As the science journalist and writer Philip Ball explains in Beyond Weird, what troubled Feynman was the sort of reality the theory seemed to be describing. No one has ever disputed the correctness of the equations of quantum mechanics, just how to interpret them. It was this that Albert Einstein and Niels Bohr debated on and off for the best part of 30 years: what does quantum mechanics actually mean? It was Bohr’s position, later called the Copenhagen interpretation, which so bothered Feynman even though it was and remains popular among those who don’t ask, “How can it be like that?”
The Copenhagen interpretation claims that the act of measurement constructs the reality that is measured.

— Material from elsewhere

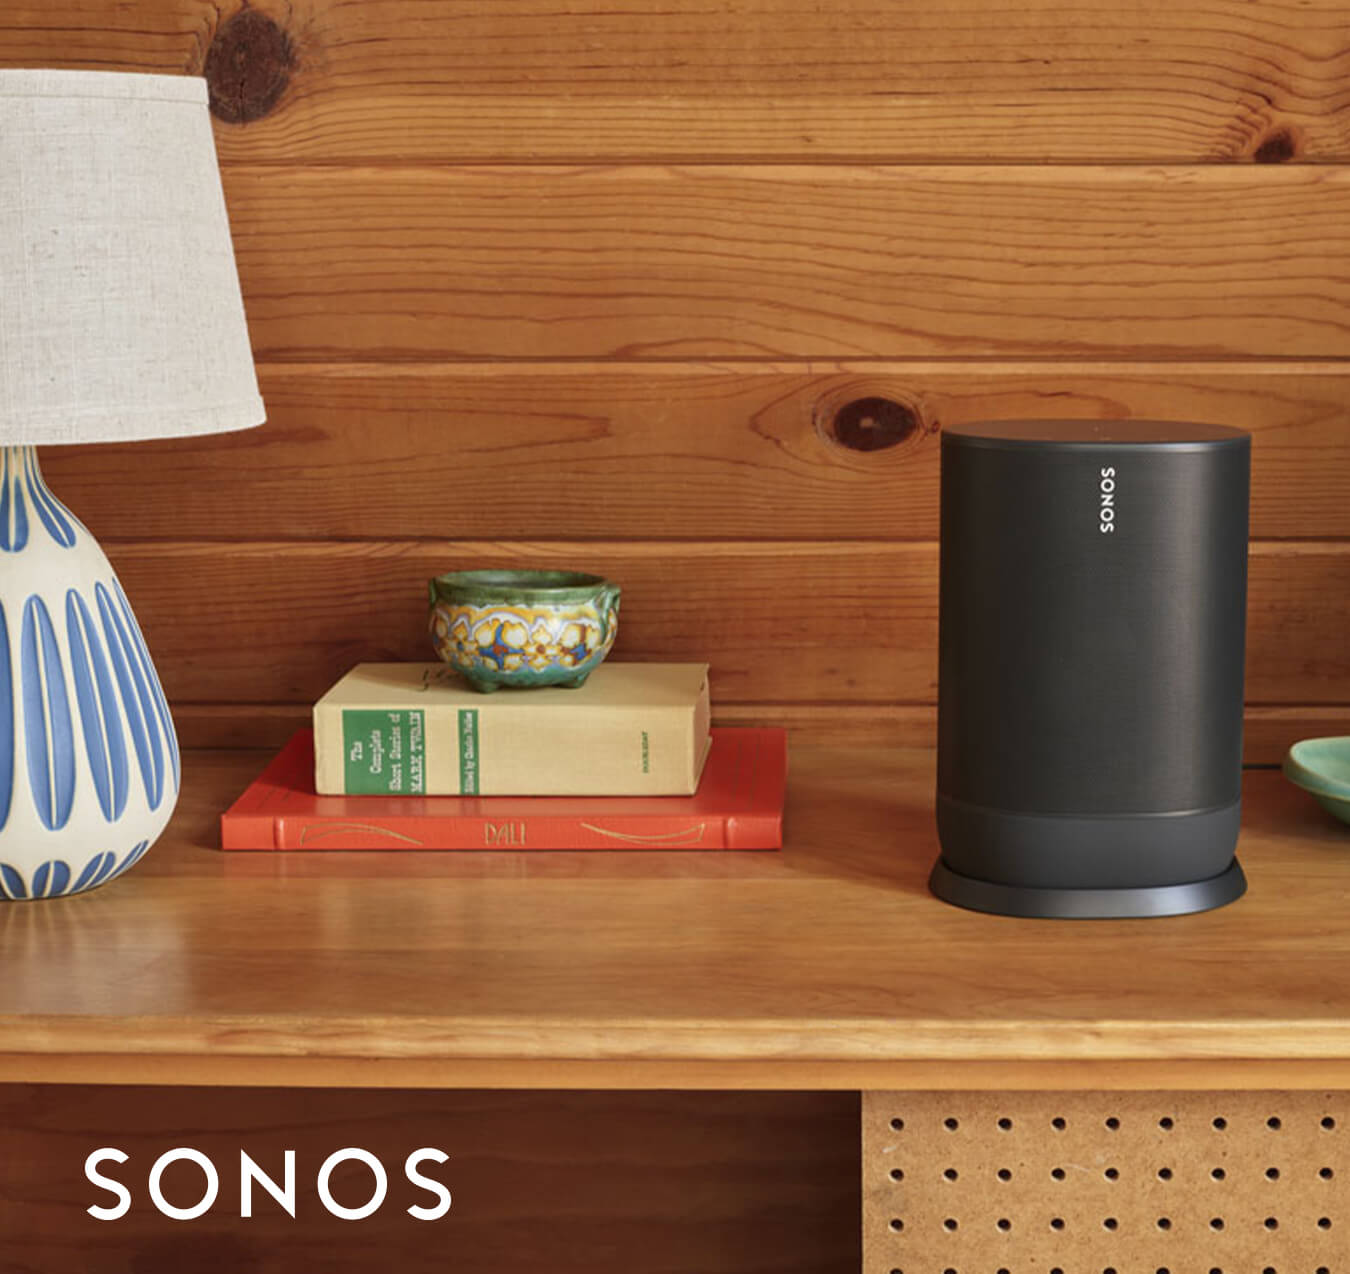 Sonos smart speaker on top of a dresser

An electron with position just does not exist until a measurement is performed to determine its position. If that’s the case, then there seems little point in asking what lies beyond the observation. According to this view, explains Ball, the notion of an objective, pre-existing reality must be abandoned and we have to accept that measurement and observation bring specific realities into being from a “palette of possibility”. As strange as it sounds, the way nature behaves seems to depend on how, or even if, we choose to observe it.
For Bohr, Erwin Schrödinger’s mythical cat trapped in a box with a vial of poison was neither dead nor alive until the box was opened. It was the act of measurement – opening the box – that decided the fate of the cat. Einstein thought this was absurd: he believed that the cat was either dead or alive and to find out which all one had to do was look in the box.
Fifty-odd years after Feynman issued his warning, Ball explores the progress made in getting to grips with the central concepts of quantum mechanics and testing their limits. A subtle unpacking of Heisenberg’s famous uncertainty principle, that we cannot know both the precise position of a particle and its momentum at the same time because the greater the knowledge we have of one, the greater our ignorance of the other, is alone worth the price of the book. And you’ll want to re-read it because from discussing that the wave function encodes all that can be known about a quantum object, Ball takes us on a whirlwind tour through the quantum realm that includes Bell’s theorem, cryptography, teleportation, information, non-locality and entanglement, in which two particles are inexorably linked no matter how far apart they are.
To understand this last point, imagine possessing a collection of pairs of quantum dice. You roll the first two dice and get double six. You roll the next set and get double three. Each individual die on its own behaves as expected, yet its entangled partner somehow always gives exactly the same number. Entanglement has been demonstrated in the lab with pairs of atoms and photons and tells us that a quantum object may have properties that are not entirely located in that object. That might be difficult to understand, but as Ball points out, we lack words to convey such concepts as entanglement with precision and clarity, and so we need different ways of looking at them before we can begin to grasp them fully.
What is often described as the weirdness of quantum physics is the result of our inability to find pictures for visualising it. If in the end we can’t say what quantum mechanics means, argues Ball, we can after the developments of the past two or three decades say that it is less about particles and waves, uncertainty and fuzziness, than a theory about information: about what can be known and how. The question of interpretation may simply come down to taste.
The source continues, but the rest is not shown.